* **THE INPUT**:
────────────────
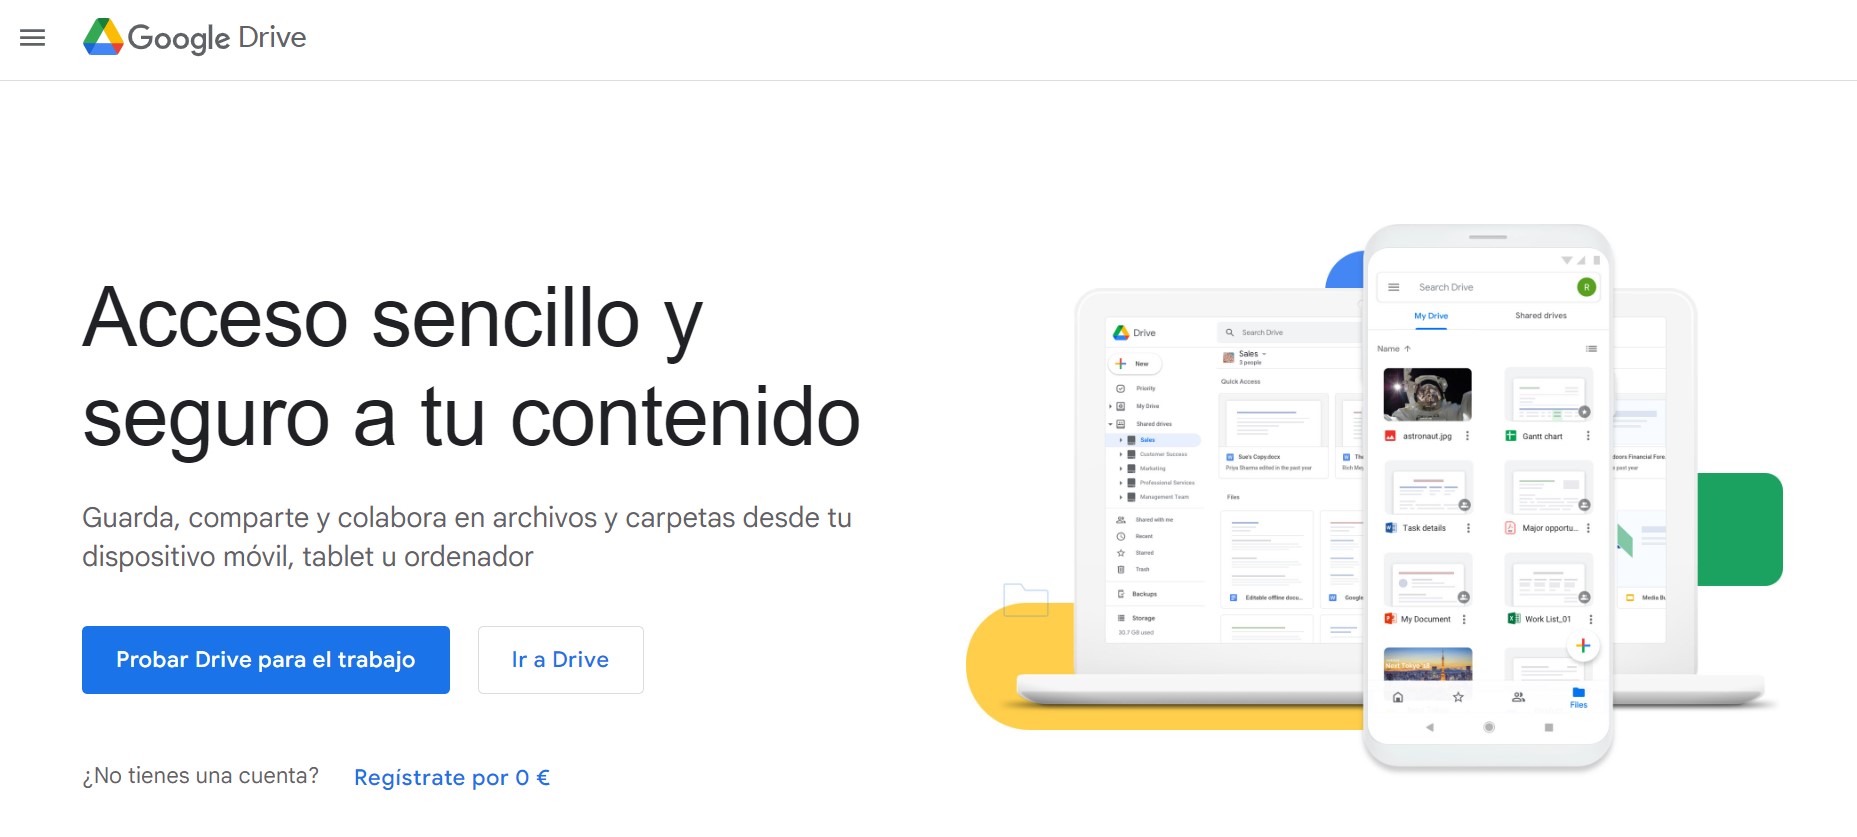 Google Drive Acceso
────────────────
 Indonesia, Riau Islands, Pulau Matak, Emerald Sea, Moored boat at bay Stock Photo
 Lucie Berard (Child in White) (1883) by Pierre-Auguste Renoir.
────────────────
* **EXERCISE GOAL**:
Reproduce exactly the stretch of the material above that starts at the line with "Indonesia, Riau Islands, Pulau" and ends at the line with "Lucie Berard (Child", both included, and nothing else.

* **EXERCISE ANSWER**:
 Indonesia, Riau Islands, Pulau Matak, Emerald Sea, Moored boat at bay Stock Photo
 Lucie Berard (Child in White) (1883) by Pierre-Auguste Renoir.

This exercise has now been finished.